Granular Loco-Manipulation: Repositioning Rocks Through Strategic Sand Avalanche

TL;DR

This paper introduces DiffusiveGRAIN, a learning-based method enabling multi-legged robots to induce sand avalanches and manipulate obstacles for improved mobility on challenging terrains, validated through extensive trials.

Contribution

The paper presents a novel diffusion-based environment predictor and integrated planning approach for obstacle manipulation during robot locomotion on granular terrains.

Findings

Successfully repositioned rocks in over 65% of trials

Identified significant interference effects among closely-spaced obstacles

Demonstrated the importance of integrated manipulation and locomotion planning

Abstract

Legged robots have the potential to leverage obstacles to climb steep sand slopes.

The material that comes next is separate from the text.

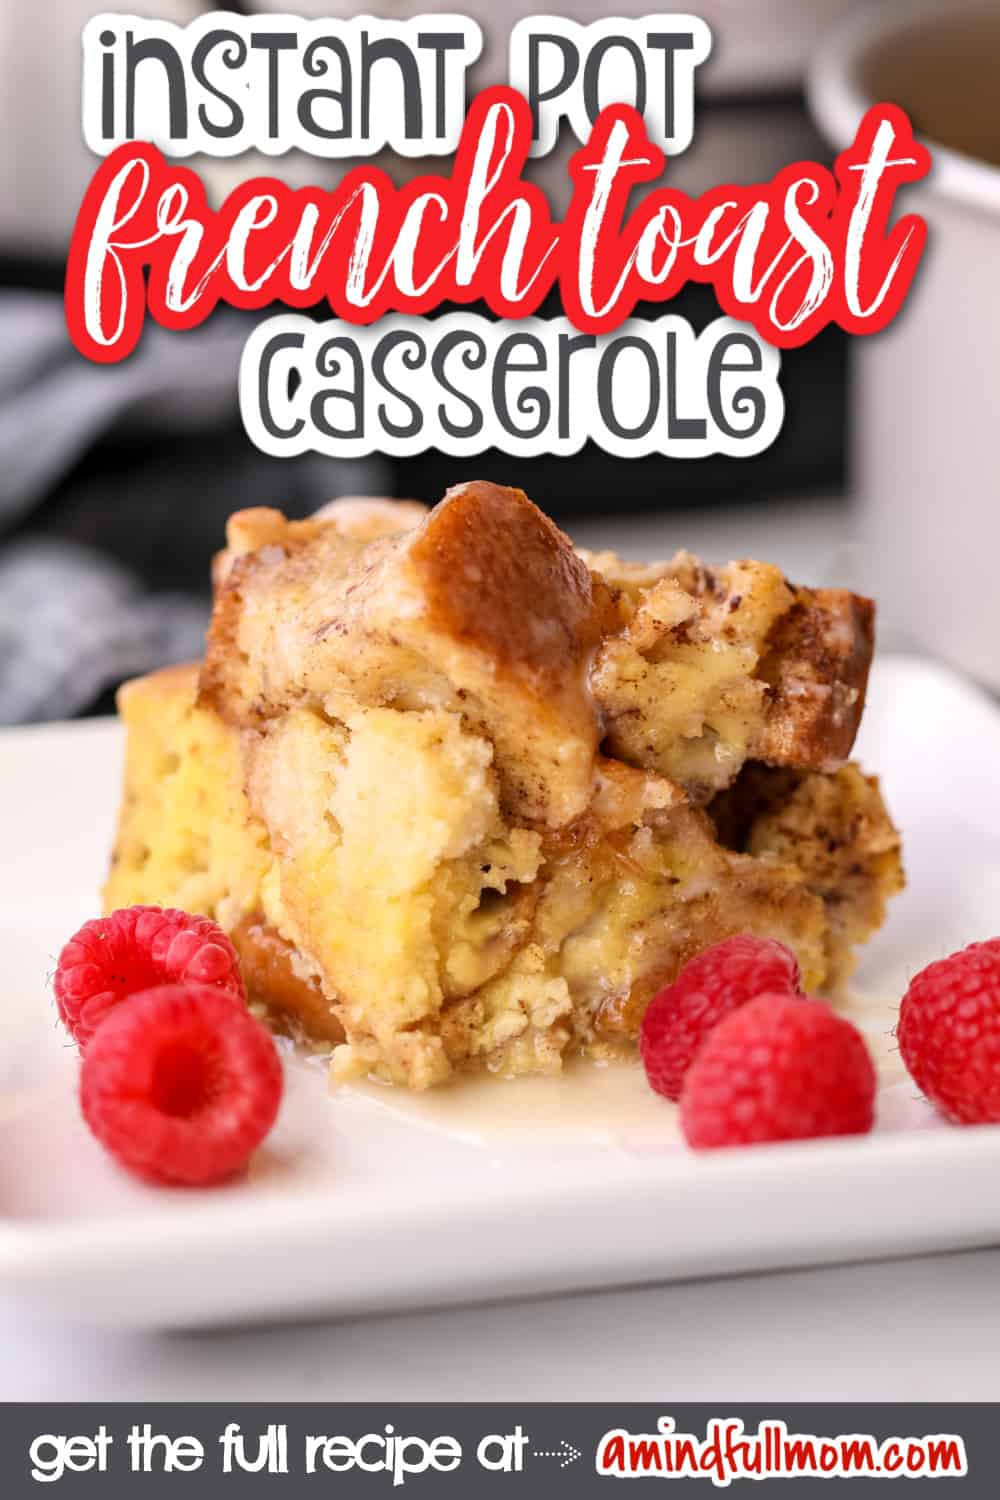 Instant Pot French Toast Casserole is an easy, make-ahead recipe that makes breakfast a bit more special without making it complicated. Perfectly spiced, and moist, this French Toast Bake made in the Instant Pot, makes a perfect holiday breakfast or lazy weekend brunch.

However, efficiently repositioning these obstacles to desired locations is challenging. Here we present DiffusiveGRAIN, a learning-based method that enables a multi-legged robot to strategically induce localized sand avalanches during locomotion and indirectly manipulate obstacles. We conducted 375 trials, systematically varying obstacle spacing, robot orientation, and leg actions in 75 of them. Results show that the movement of closely-spaced obstacles exhibits significant interference, requiring joint modeling. In addition, different multi-leg excavation actions could cause distinct robot state changes, necessitating integrated planning of manipulation and locomotion. To address these challenges, DiffusiveGRAIN includes a diffusion-based environment predictor to capture multi-obstacle movements under granular flow interferences and a robot state predictor to estimate changes in robot state from multi-leg action patterns. Deployment experiments (90 trials) demonstrate that by integrating the environment and robot state predictors, the robot can autonomously plan its movements based on loco-manipulation goals, successfully shifting closely located rocks to desired locations in over 65% of trials. Our study showcases the potential for a locomoting robot to strategically manipulate obstacles to achieve improved mobility on challenging terrains.